1298. Reverse Substrings Between Each Pair of Parentheses

• Difficulty: Medium

• Topics: Stack

• Similar Questions:

Problem:

Given a string s that consists of lower case English letters and brackets. 

Reverse the strings in each pair of matching parentheses, starting from the innermost one.

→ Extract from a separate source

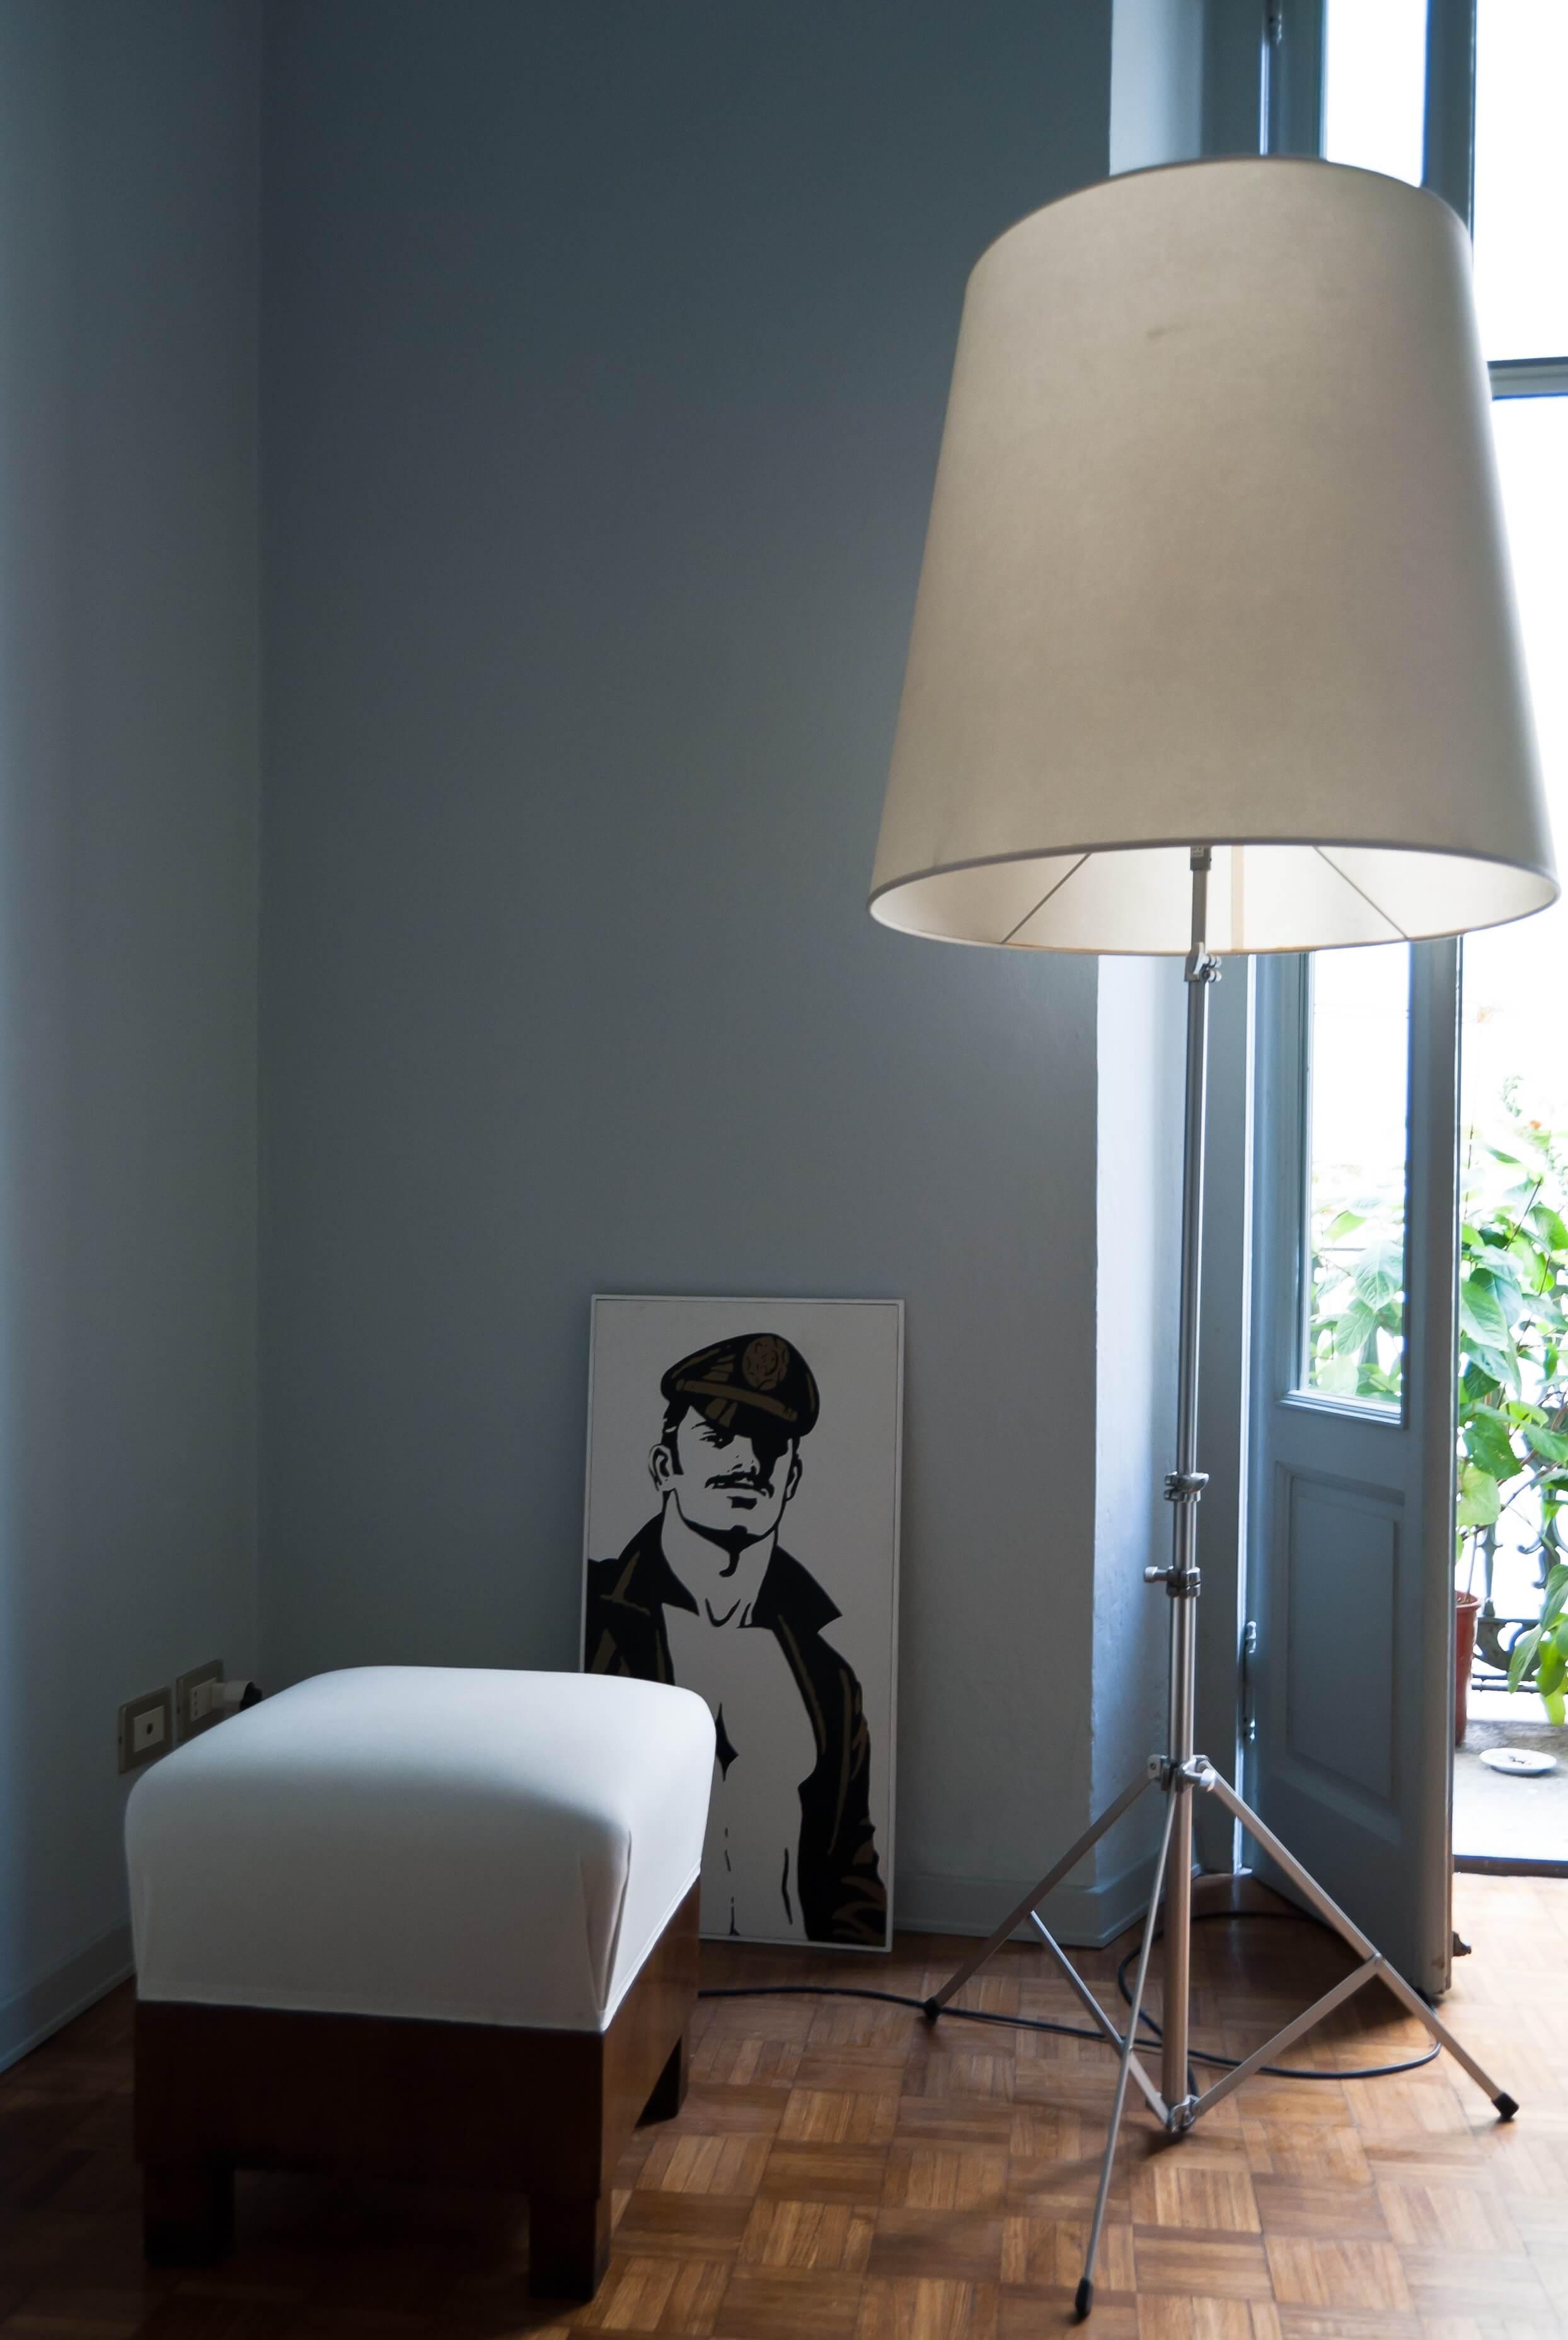 Alles over verlichting voor in huis advies inspiratie wiki wonen - Huis lamp wereld nachtkastje ...

Your result should not contain any bracket.

Example 1:

Input: s = "(abcd)"
Output: "dcba"

Example 2:

Input: s = "(u(love)i)"
Output: "iloveu"

Example 3:

Input: s = "(ed(et(oc))el)"
Output: "leetcode"

Example 4:

Input: s = "a(bcdefghijkl(mno)p)q"
Output: "apmnolkjihgfedcbq"

Constraints:

• 0 <= s.length <= 2000
• s only contains lower case English characters and parentheses.
• It's guaranteed that all parentheses are balanced.

Solutions:

class Solution {
public:
    string reverseParentheses(string s) {
        int pos = 0;
        return helper(s, pos);
    }

private:
    string helper(const string& s, int& pos) {
        string ret;
        while (pos < s.length()) {
            if (s[pos] == '(') {
                string inner = helper(s, ++pos);
                reverse(inner.begin(), inner.end());
                ret.append(inner);
            } else if (s[pos] == ')') {
                ++pos;
                return ret;
            } else {
                ret.push_back(s[pos++]);
            }
        }
        return ret;
    }

};